*** Opening of Data provided ***

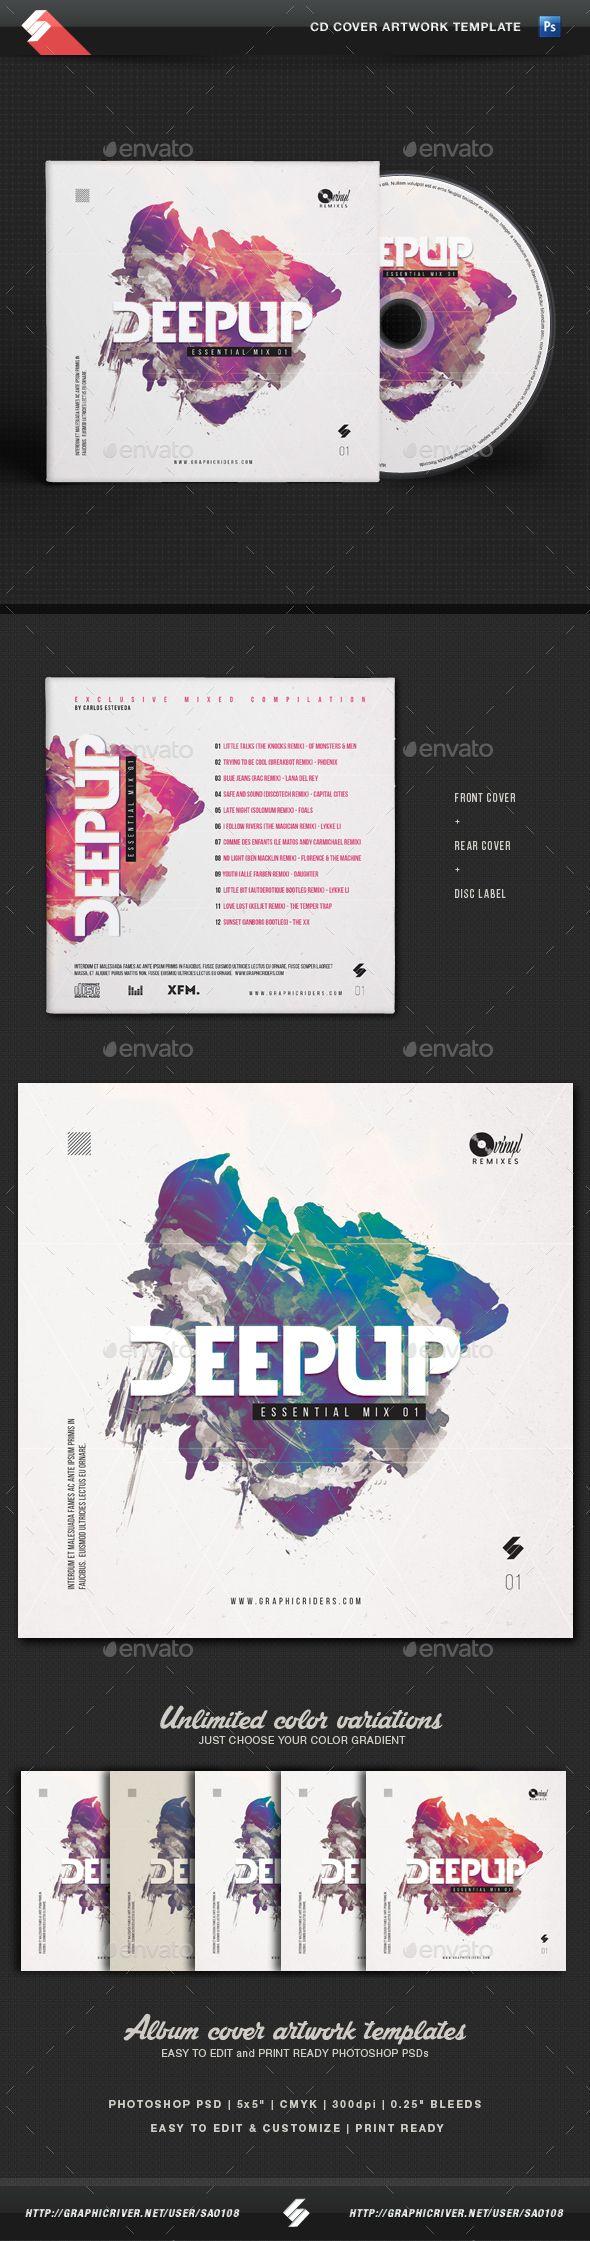 Deep Up - Dj Mix CD Cover Artwork Template
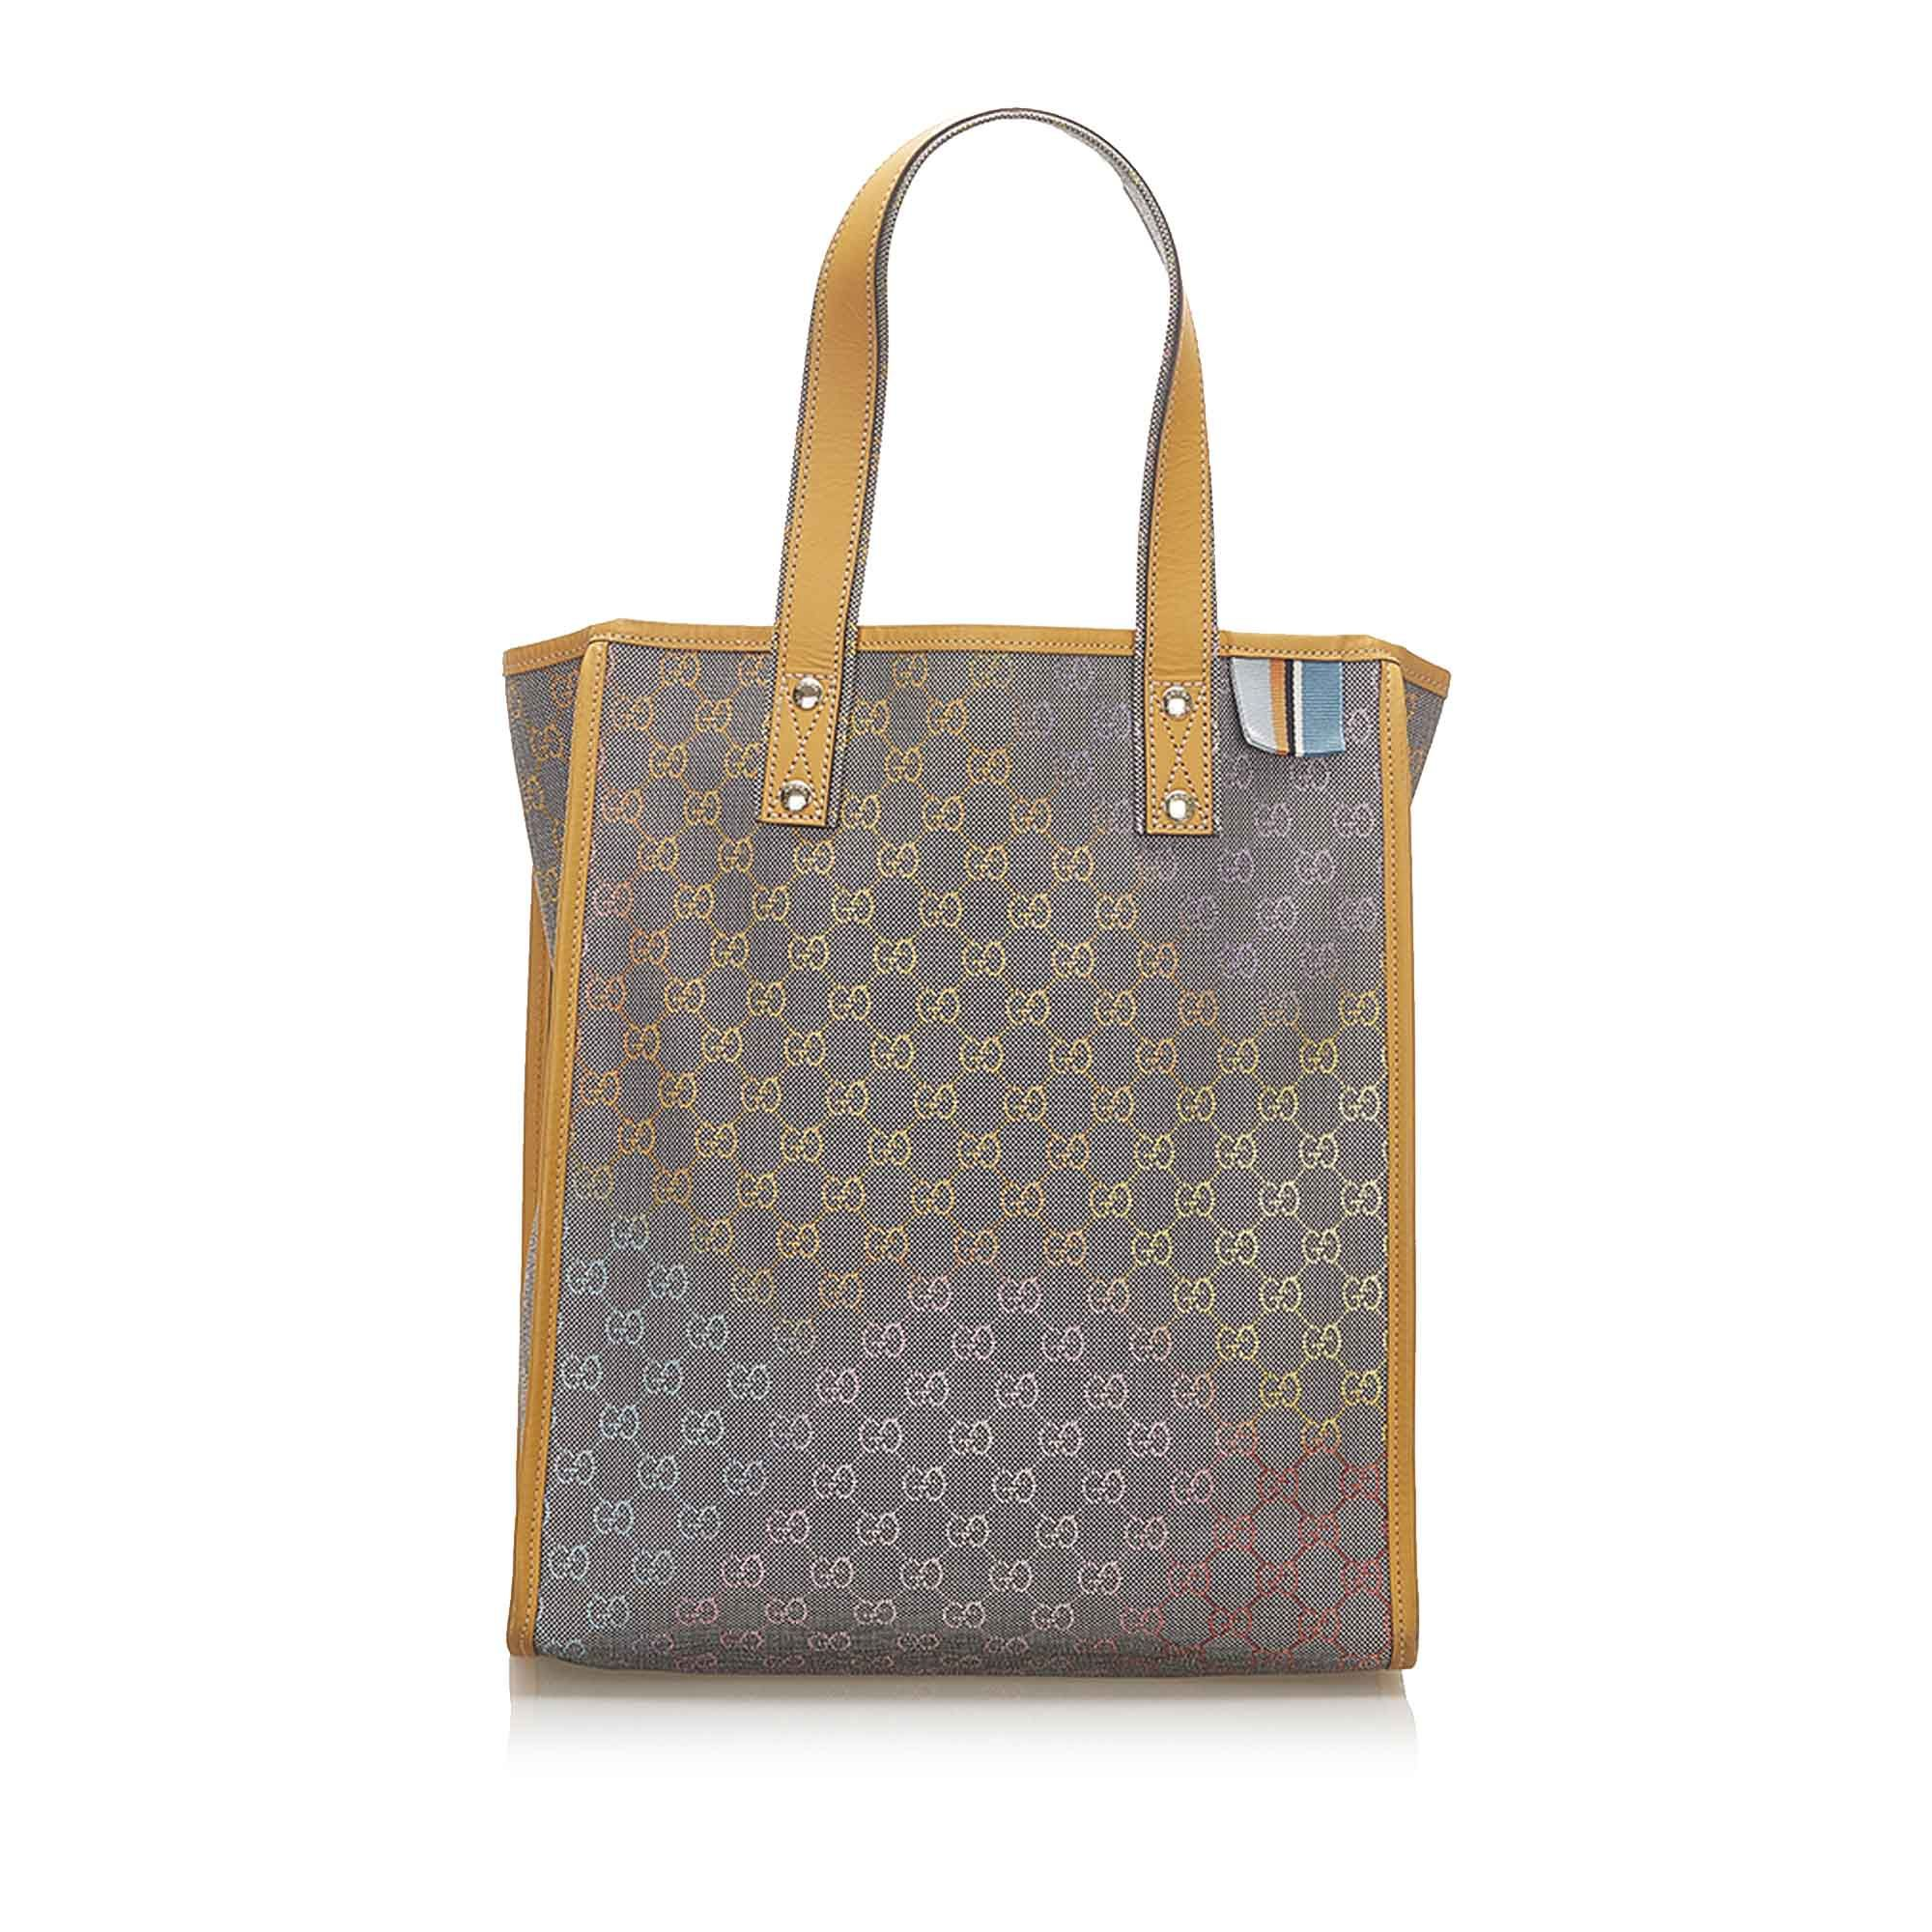 Vintage Gucci GG Denim Web Loop Tote Bag Gray
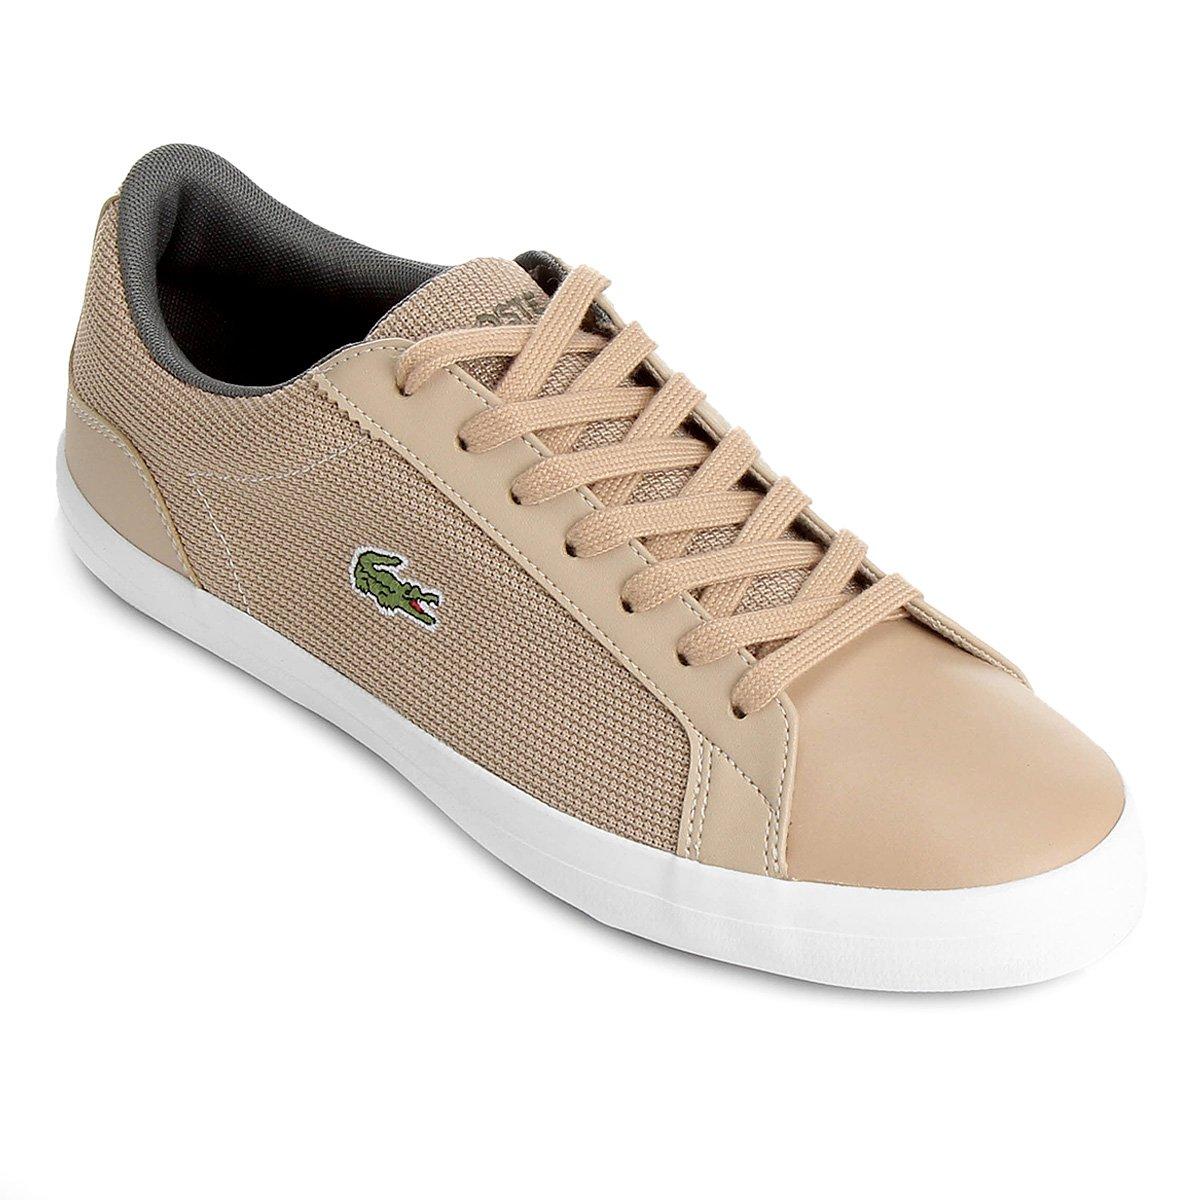 Tênis Lacoste Q1 Lerond Masculino - Compre Agora   Netshoes 44132d33a1

*** Close of Data provided ***

● Work required: An acceptable answer consists of the lines above from the one holding "Vintage Gucci GG" to the end of the data, repeated exactly and containing no pictures.

● Solution for this problem:
 Vintage Gucci GG Denim Web Loop Tote Bag Gray
 Tênis Lacoste Q1 Lerond Masculino - Compre Agora   Netshoes 44132d33a1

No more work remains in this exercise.